If its periodic, can you paste your snapshot and pruning settings? Also whats your CPU utilization like and how many cores does the instance have access to?

It's a physical server i9-12900K with 24 cores, 128GB RAM DDR4 4000MHz. Node is installed on a Corsair MP400 SSD using PCIe 3.0 interface, so shouldn't be a performance bottleneck.
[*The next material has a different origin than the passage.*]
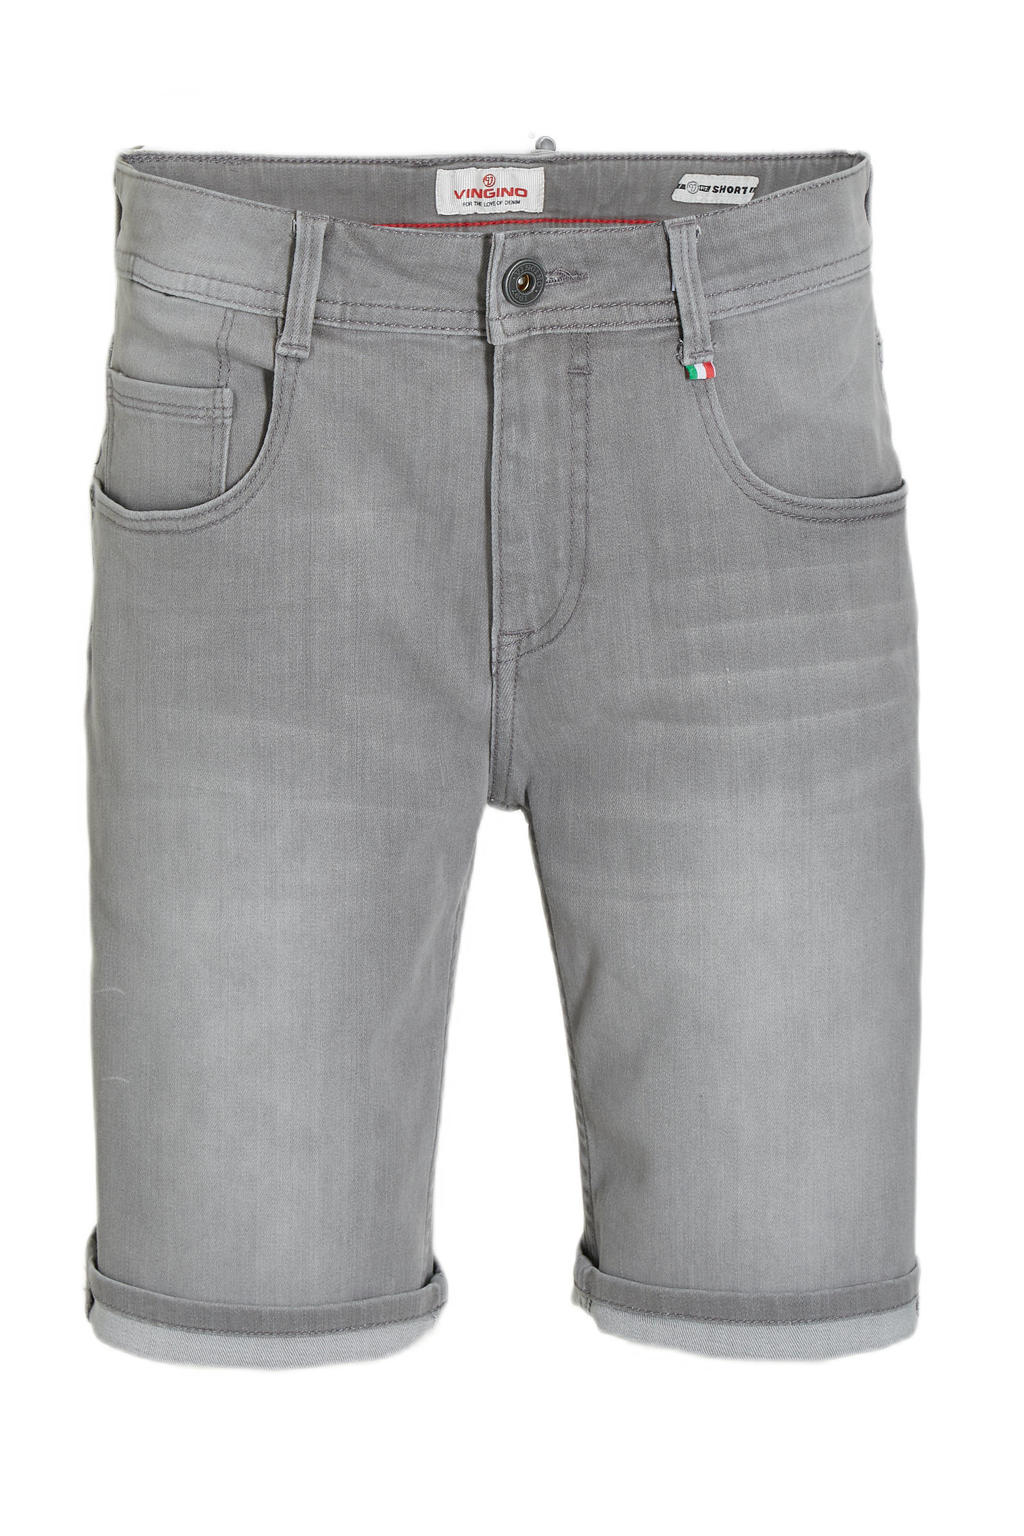 Grijze jongens Vingino jeans bermuda Claas van stretchdenim met regular waist en rits- en knoopsluiting

For some period of times it's synced, and sometimes it keeps lagging behind.

snippet from app.toml -

# default: only the last 100,000 states(approximately 1 week worth of state) are kept; pruning at 100 block intervals
# nothing: all historic states will be saved, nothing will be deleted (i.e. archiving node)
# everything: all saved states will be deleted, storing only the current state; pruning at 10 block intervals.
# custom: allow pruning options to be manually specified through 'pruning-keep-recent', 'pruning-keep-every', and 'pruning-interval'
pruning = "default"

# These are applied if and only if the pruning strategy is custom.
# pruning-keep-recent = N means keep all of the last N states
pruning-keep-recent = "0"
# pruning-keep-every = N means keep every Nth state, in addition to keep-recent
pruning-keep-every = "0"
# pruning-interval = N means we delete old states from disk every Nth block.
pruning-interval = "0"

...

###############################################################################
###                        State Sync Configuration                         ###
###############################################################################

# State sync snapshots allow other nodes to rapidly join the network without replaying historical
# blocks, instead downloading and applying a snapshot of the application state at a given height.
[state-sync]

# snapshot-interval specifies the block interval at which local state sync snapshots are
# taken (0 to disable). Must be a multiple of pruning-keep-every.
snapshot-interval = 1500

# snapshot-keep-recent specifies the number of recent snapshots to keep and serve (0 to keep all).
snapshot-keep-recent = 2

config.toml -

#######################################################
###         State Sync Configuration Options        ###
#######################################################
[statesync]
# State sync rapidly bootstraps a new node by discovering, fetching, and restoring a state machine
# snapshot from peers instead of fetching and replaying historical blocks. Requires some peers in
# the network to take and serve state machine snapshots. State sync is not attempted if the node
# has any local state (LastBlockHeight > 0). The node will have a truncated block history,
# starting from the height of the snapshot.
enable = false

# RPC servers (comma-separated) for light client verification of the synced state machine and
# retrieval of state data for node bootstrapping. Also needs a trusted height and corresponding
# header hash obtained from a trusted source, and a period during which validators can be trusted.
#
# For Cosmos SDK-based chains, trust_period should usually be about 2/3 of the unbonding time (~2
# weeks) during which they can be financially punished (slashed) for misbehavior.
rpc_servers = ""
trust_height = 0
trust_hash = ""
trust_period = "112h0m0s"

# Time to spend discovering snapshots before initiating a restore.
discovery_time = "15s"

# Temporary directory for state sync snapshot chunks, defaults to the OS tempdir (typically /tmp).
# Will create a new, randomly named directory within, and remove it when done.
temp_dir = ""

# The timeout duration before re-requesting a chunk, possibly from a different
# peer (default: 1 minute).
chunk_request_timeout = "10s"

# The number of concurrent chunk fetchers to run (default: 1).
chunk_fetchers = "4"

ko0f commented 2 years ago

What can affect the sync speed in Osmosis config?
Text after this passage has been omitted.